“We realized that it was not enough to just punish!”
That comment was made by a Christian leader I talked with in Rwanda this past July . . . almost exactly 20 years after the genocide.
The Face of Evil
During what can only be described as a horrific 100 day period from April to July 1994, extremists within Rwanda's political elite ordered members of the army, national police, and government backed militias to recruit and pressure one group of Rwandans to arm themselves with machetes, clubs, blunt objects and other weapons to kill, rape and maim another group of Rwandans.
In just 100 days, 800,000 innocent people were brutally murdered – six men, women and children every minute . . . of every hour . . . of every day . . . for more than 3 months.
During that short period of time, between 250,000 and 500,000 women and girls were raped – many maimed and sexually mutilated, or raped by men with AIDS who had been released from hospitals as weapons of genocide.
75,000 children survived the genocide as orphans.
In the words of more than one person I spoke to – “The forces of hell had been unleashed on the earth!”
The Response to Evil
“We realized that it was not enough to just punish,” this Christian leader had told me. But whatmore could be done?
Should those who had been brutally attacked retaliate and do the same – or worse – to those who attacked them? Should they “fight fire with fire?” Or, to borrow a phrase out-of-context from the apostle Paul, should they “return evil for evil?”
No!
“We realized that it was not enough to just punish,” he explained. And then added, “We needed to restore!”
Leaders in what had in many ways become a purified Christian Church – after other leaders who had compromised their faith had gone or were removed – stepped forward and did a most remarkable thing!

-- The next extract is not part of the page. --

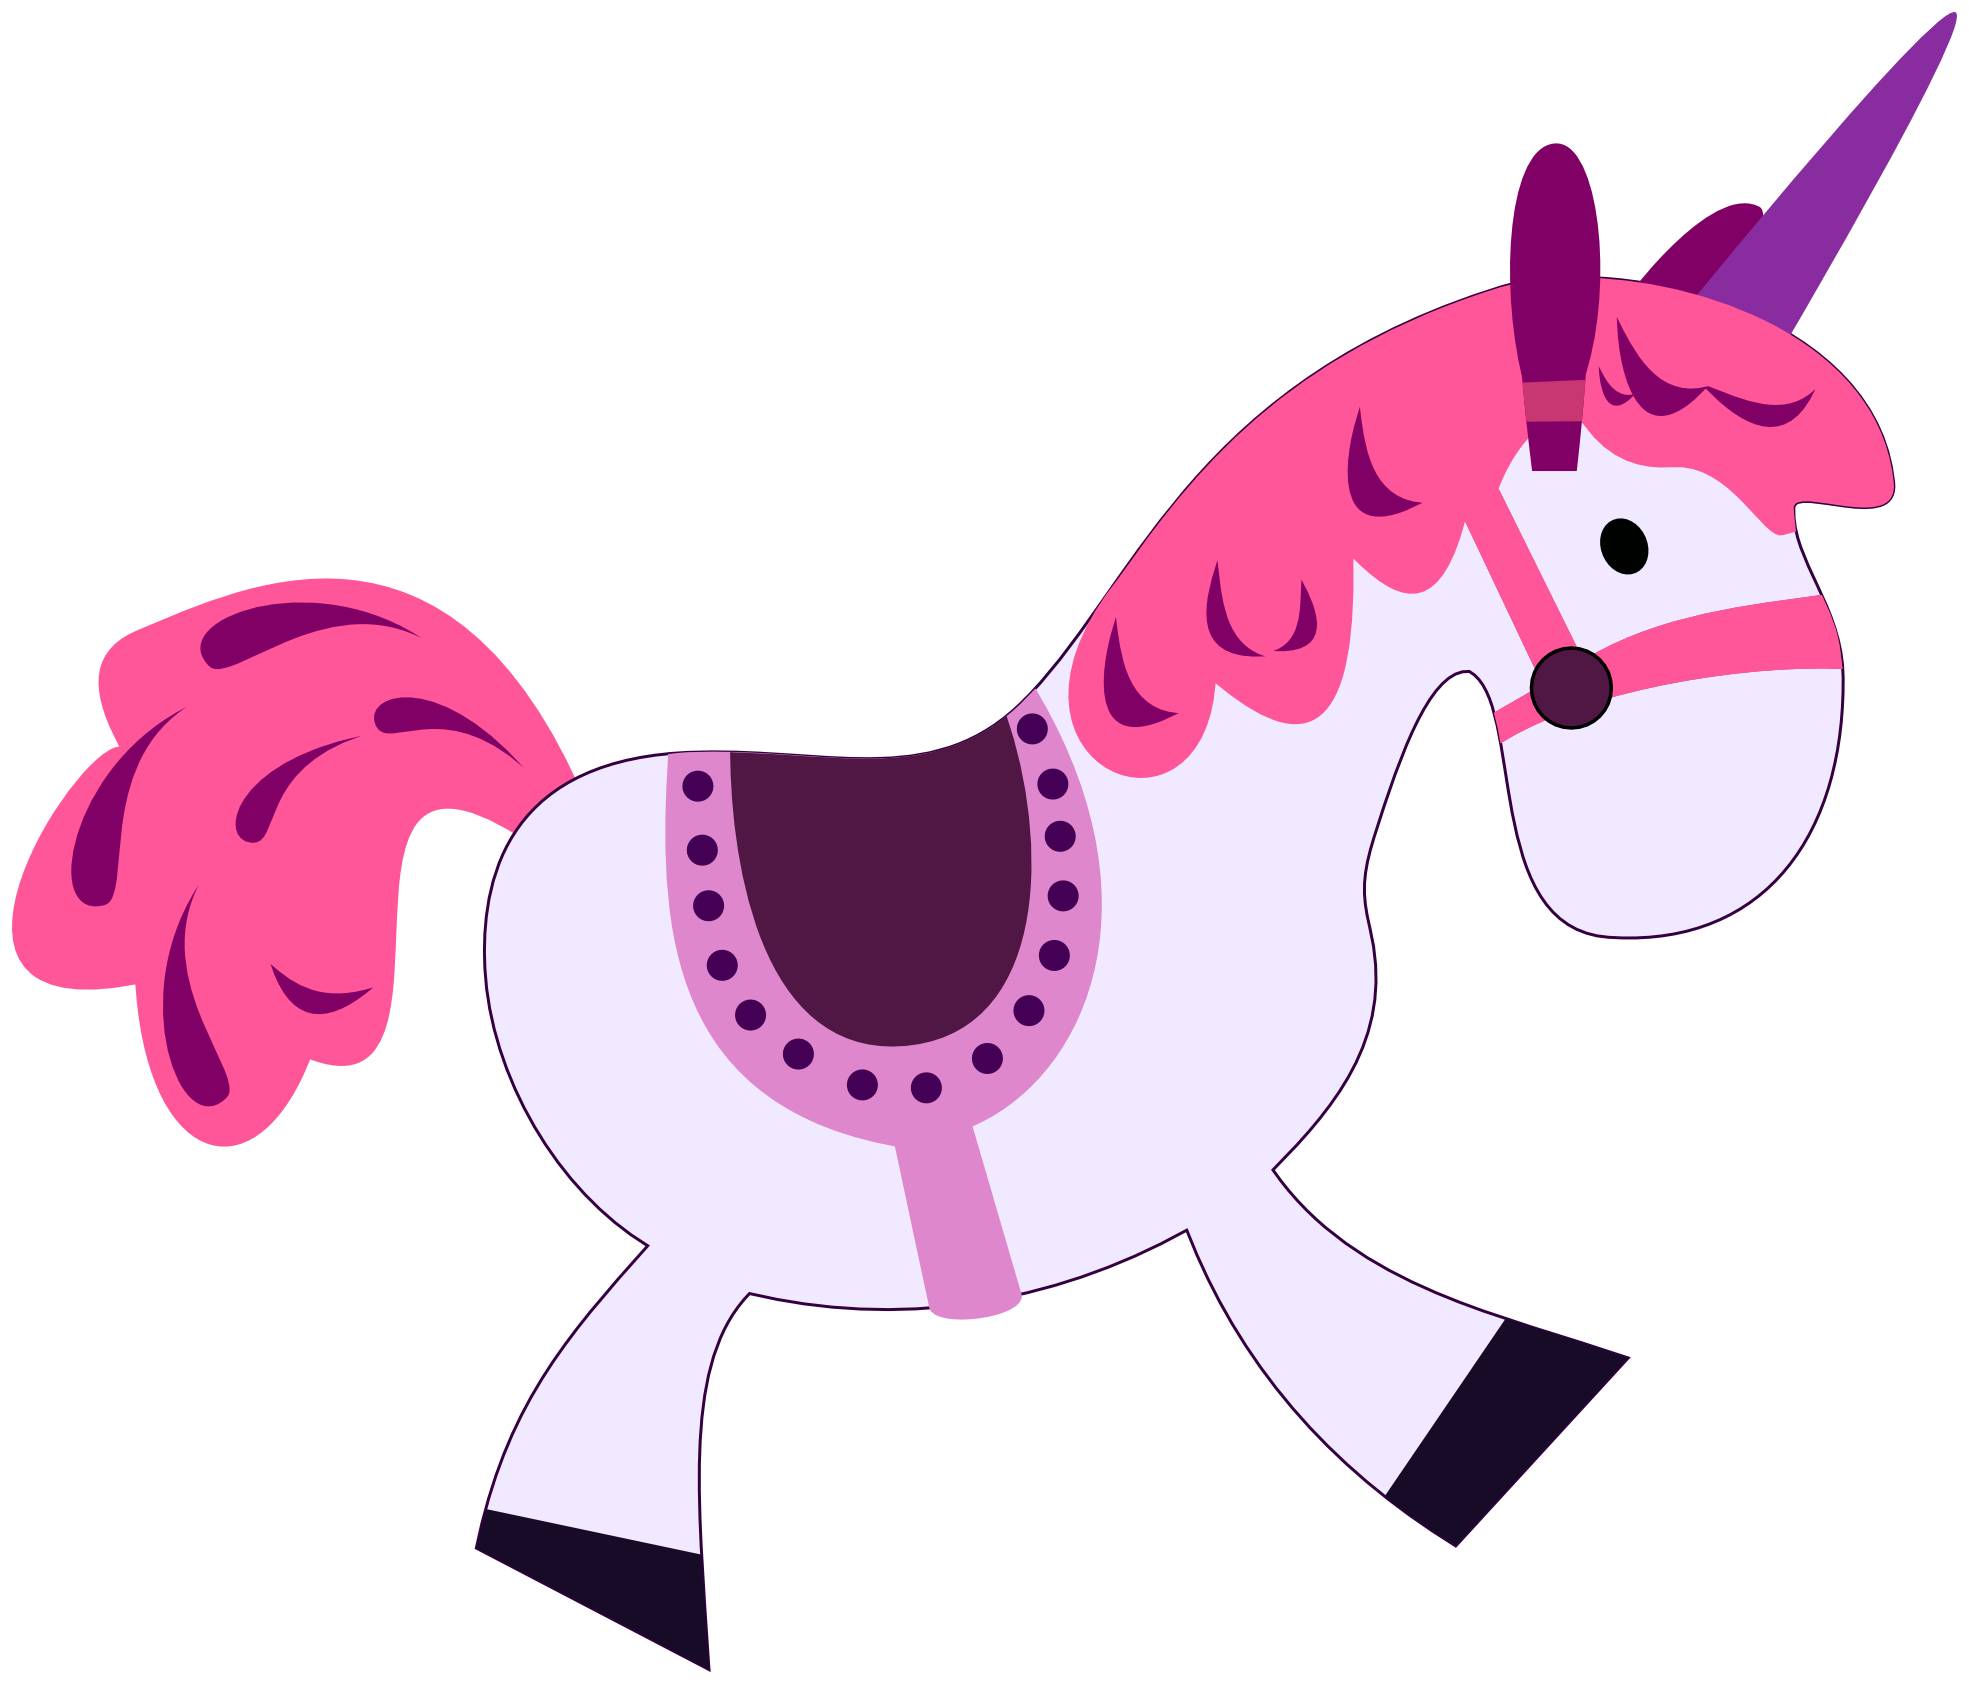 Toy Unicorn 33px Png 1 K  Toy Unicorn 111px Png 7 K  Toy Unicorn Png

They fought fire with water! They overcame evil with good! They proclaimed a message of forgiveness and reconciliation in response to great evil that has taken root in the country and is bearing wonderful fruit!
The Grace of God
The Rwandan experience provides a clear example for us today of how God ultimately deals with His enemies.
For the first 500 years of its existence, many prominent leaders in the Christian Church believed that God’s judgments went beyond simply punishing for sin. They believed that God would ultimately treat all His enemies in the same way He treated the apostle Paul.
Paul called himself the worst of sinners. And he wasn’t just speaking out of false modesty. He hadintentionally persecuted, and even had Christians put to death. But God didn’t just punish Paul for his sins. He didn’t just prevent him from doing bad things. God transformed Paul’s heart so that Paul became a powerful force for doing good.
Corrie ten Boom, after experiencing a horror similar to that of the Rwandan genocide in a Nazi concentration camp, commented – “There is no pit so deep, that God’s love is not deeper still.”
“We realized that it was not enough to just punish," I was told. "We needed to restore!”
Has the Church today largely forgotten that truth?
3 comments:
As George MacDonald (CS Lewis called him his "master") said, "Primarily, God is not bound to punish sin; he is bound to destroy sin. The only vengeance worth having on sin is to make the sinner himself its executioner."
I was just listening to this interview with Chris Vogler about storytelling and he made an interesting statement on revenge. Talking about Batman and the Count of Monte Christo . . . "often the heroes will learn, revenge is not so great. They go through all the process of getting revenge and then realize it's kind of a waste of my human energy." So is revenge a waste of human energy but a good use of divine energy?
http://youtu.be/8aYpXbE9rKk?t=7m53s
Eric, Excellent observation. Thanks for sharing that.